Señor Daga ist nicht allein gekommen. Bei ihm ist seine hübsche Freundin, in einem weißen Kleid mit Rüschen in spektakulärem Rot und schweren Ohrringen in der Form von Wagenrädern, die schaukeln, wenn sie sich bewegt. Inés begrüßt sie mit frostiger Zurückhaltung. Was Daga angeht, scheint er sich in der Wohnung ziemlich zu Hause zu fühlen, liegt faul auf dem Bett und unternimmt nichts, um es dem Mädchen zu erleichtern.

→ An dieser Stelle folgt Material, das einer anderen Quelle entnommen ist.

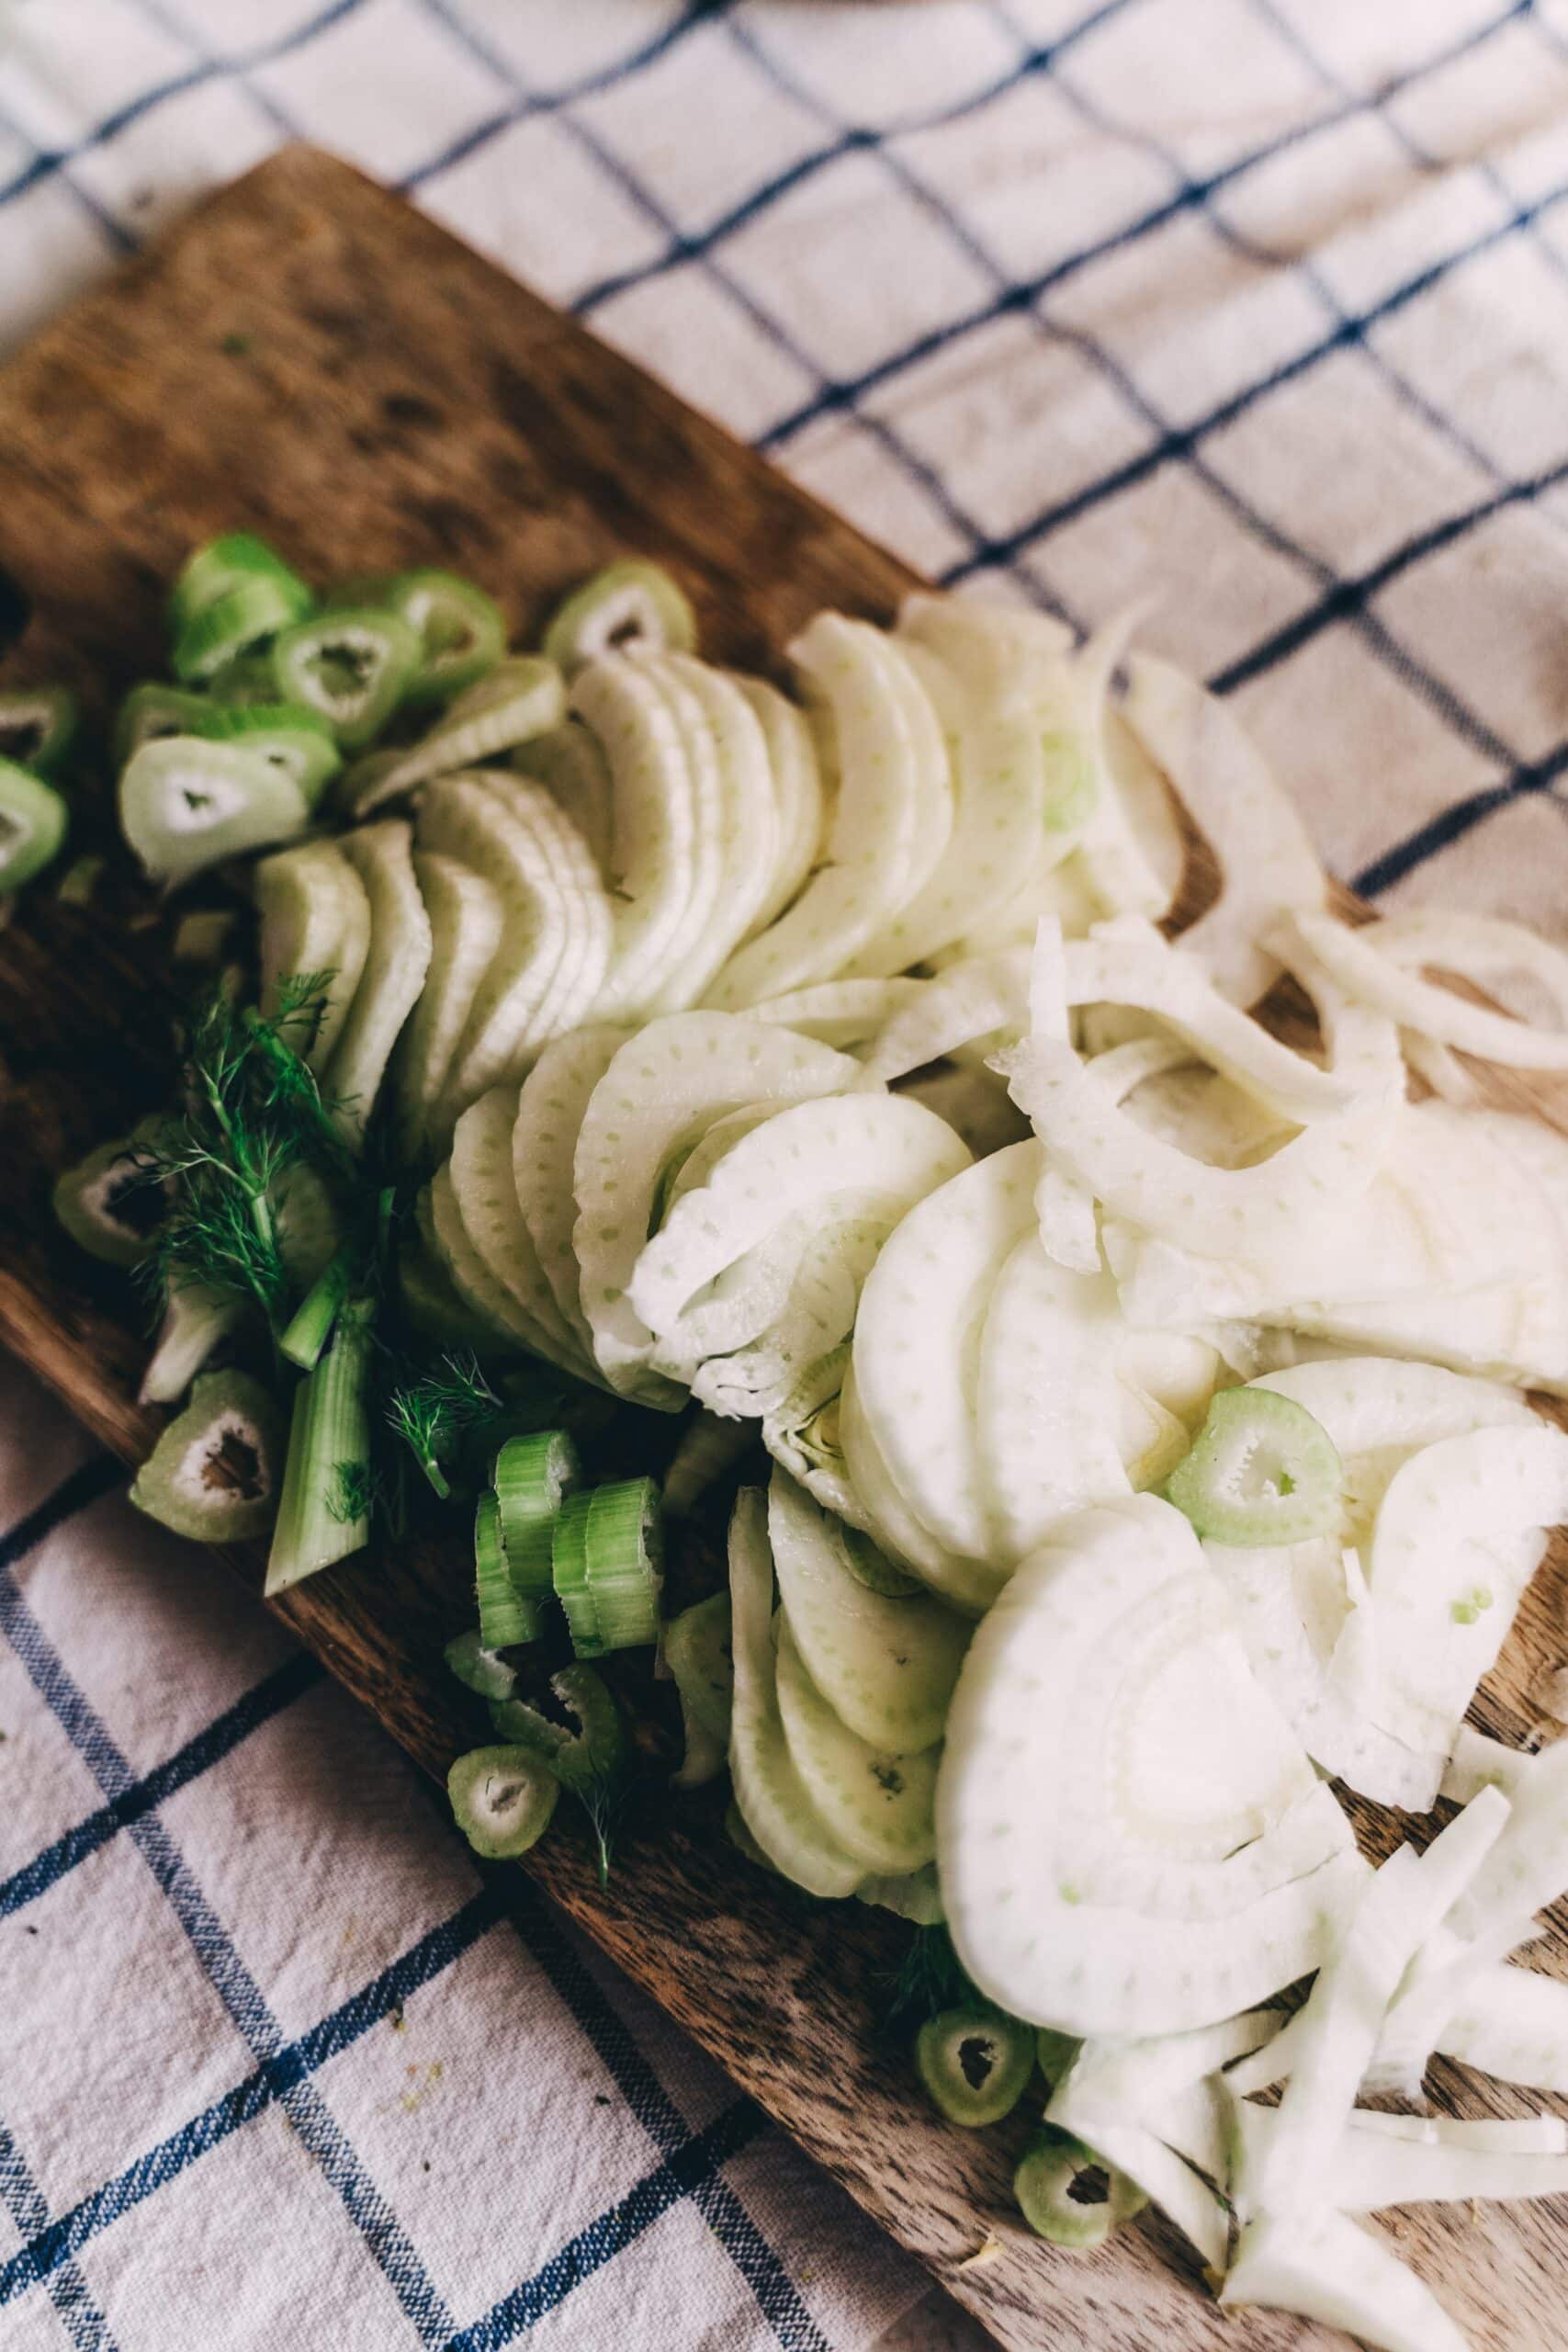 Which parts of fennel do you eat?

»Señor Daga möchte mit uns tanzen gehen«, verkündet der Junge. »Können wir tanzen gehen?«
»Wir werden heute Abend in La Residencia erwartet. Das weißt du.«
»Ich möchte nicht zu La Residencia! Es ist langweilig! Ich will tanzen gehen!«
»Du kannst nicht tanzen gehen. Du bist zu jung.«
»Ich kann tanzen! Ich bin nicht zu jung! Ich zeige es euch.« Und er wirbelt auf dem Boden herum, mit leichtem Tritt und in seinen weichen blauen Schuhen nicht ohne Anmut. »Da! Seht ihr?«
»Wir gehen nicht tanzen«, sagt Inés bestimmt. »Diego kommt uns abholen und wir fahren mit ihm zu La Residencia.«
»Dann müssen Señor Daga und Frannie mitkommen!«
»Señor Daga hat eigene Pläne. Du kannst nicht erwarten, dass er sie fallenläßt und mit uns kommt.« Sie spricht, als wäre Daga nicht anwesend. »Außerdem, wie du sehr gut weißt, sind Besucher in La Residencia nicht erlaubt.«
»Ich bin ein Besucher«, wendet der Junge ein. »Mir erlauben sie es.«
»Ja, aber bei dir ist es etwas anderes. Du bist mein Kind. Du bist das Licht meines Lebens.«
Das Licht meines Lebens
. Was für eine überraschende Aussage vor Fremden!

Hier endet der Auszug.